Leon Lagerlöf

Personal information
- Born: 8 April 1870 Nordmaling, Sweden
- Died: 30 November 1951 (aged 81) Stockholm, Sweden

Sport
- Sport: Sports shooting

Medal record
Men's shooting
Representing Sweden
Olympic Games
| Silver medal – second place | 1920 Antwerp | Team small-bore rifle |
| Bronze medal – third place | 1920 Antwerp | Team 300 m military rifle, standing |

= Leon Lagerlöf =

Swedish sport shooter

John Leonard "Leon" Lagerlöf (8 April 1870 - 30 November 1951) was a Swedish sport shooter who competed in the 1912 Summer Olympics, in the 1920 Summer Olympics, and in the 1924 Summer Olympics.
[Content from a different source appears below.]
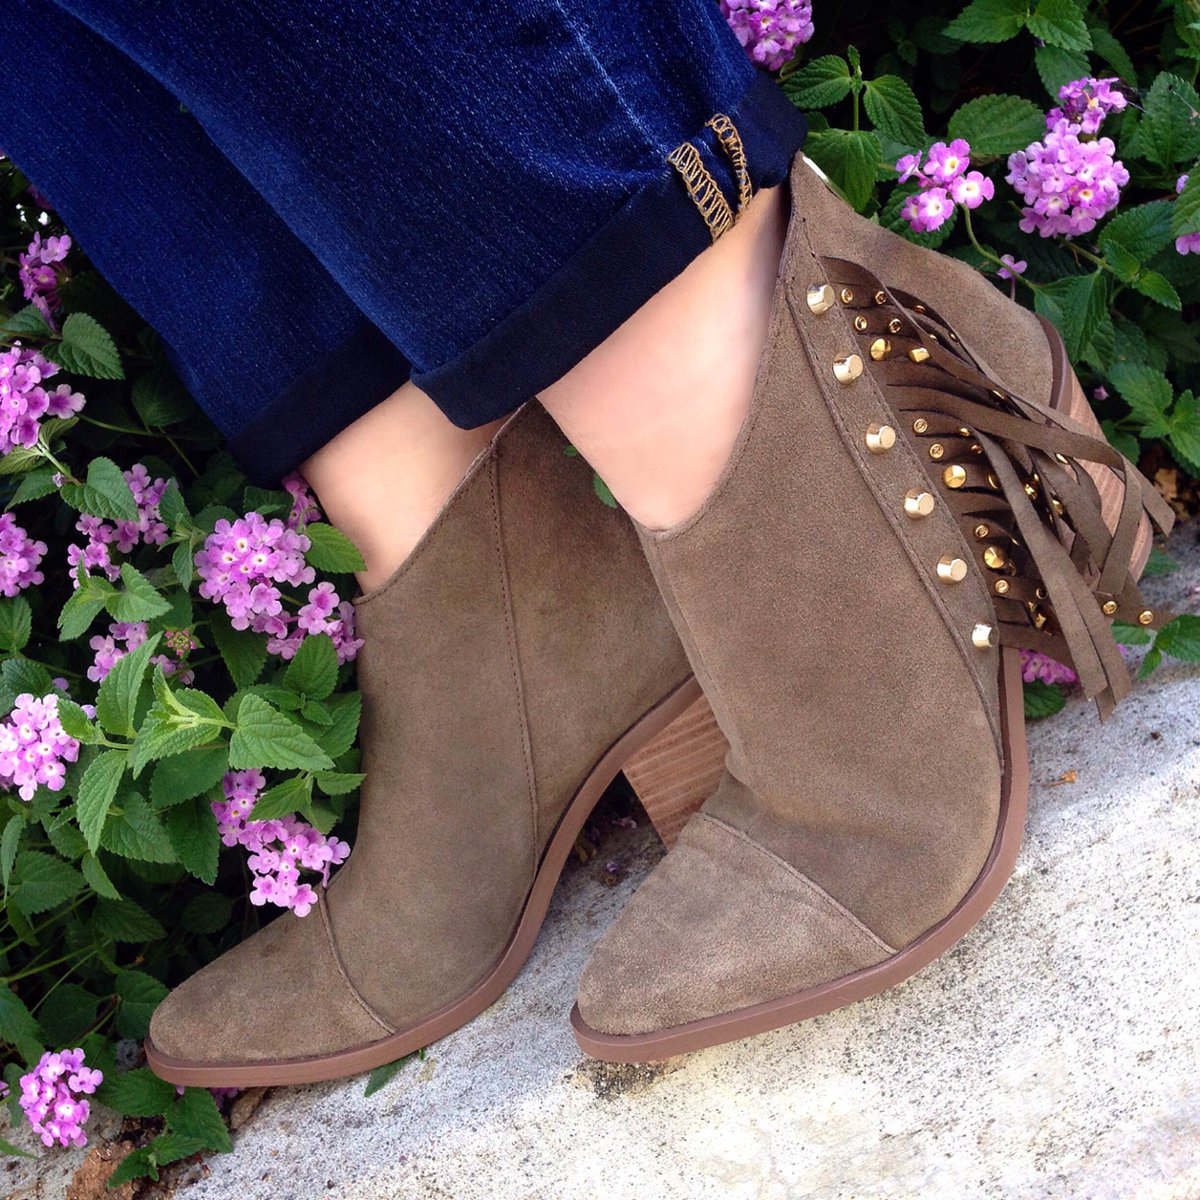 RT @FergieFootwear: #ShoeShopping is a #wisedecision w/ 20% OFF @Fergie BENNIE #boots thru 2/25!#WednesdayWisdom https://t.co/hpcNIW5kb9 ht…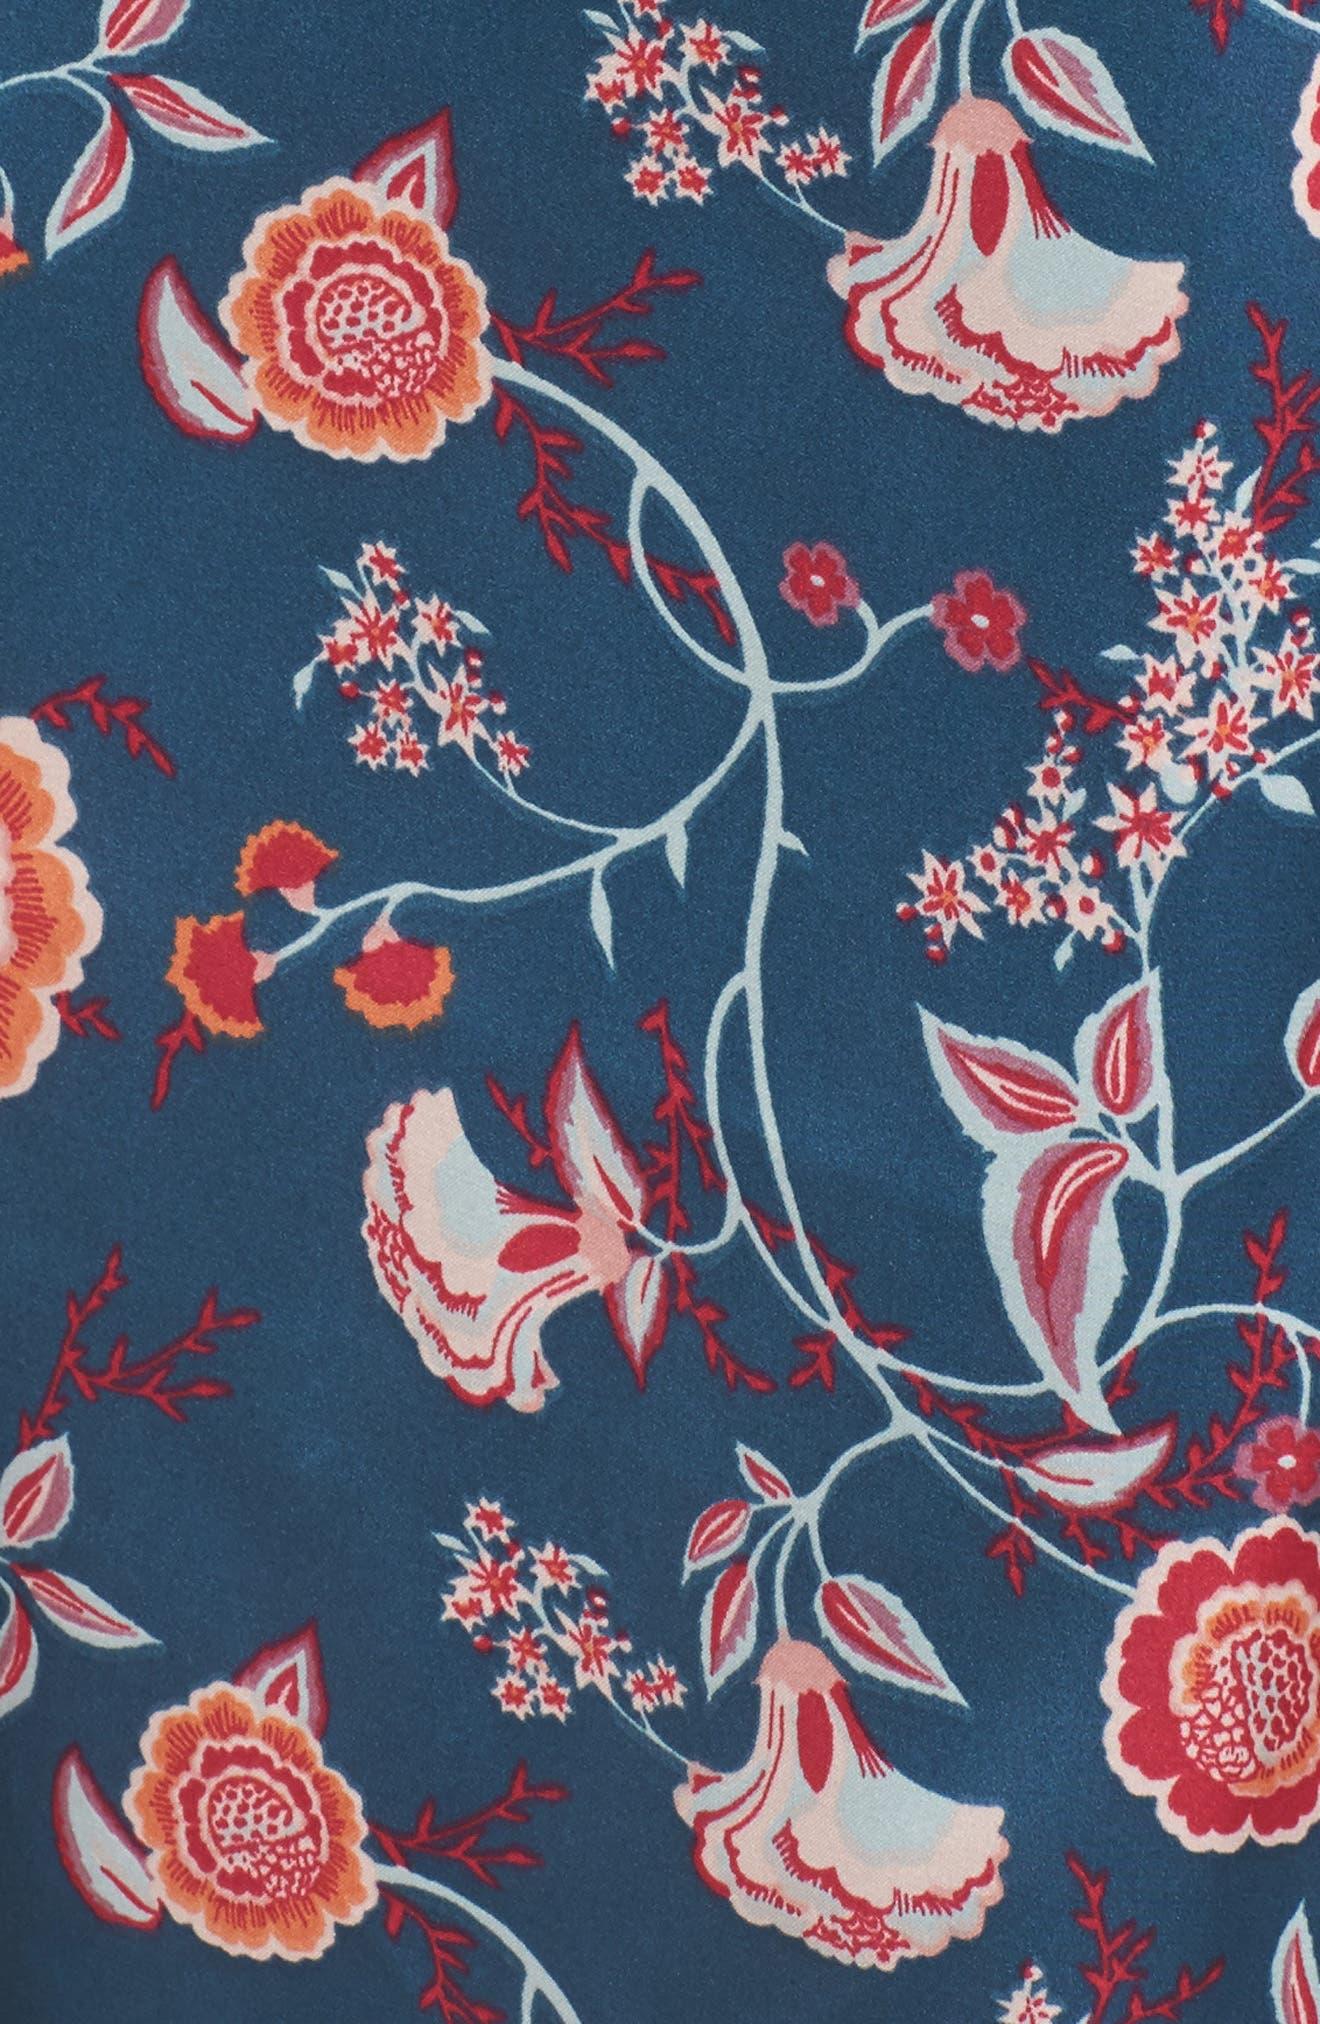 Floral Print Satin Kimono,                             Alternate thumbnail 6, color,                             Blue Ceramic Vintage Floral

In 1912, he finished 29th in the 600 metre free rifle competition.

Eight years later, he won the silver medal as a member of the Swedish team in the team small-bore rifle event and the bronze medal in the team 300 metre military rifle, standing competition. He finished sixth in the team free rifle event. He also participated in the 300 metre free rifle, three positions event and in the 50 metre small-bore rifle competition.

In 1924 he finished twelfth in the 50 metre rifle, prone competition.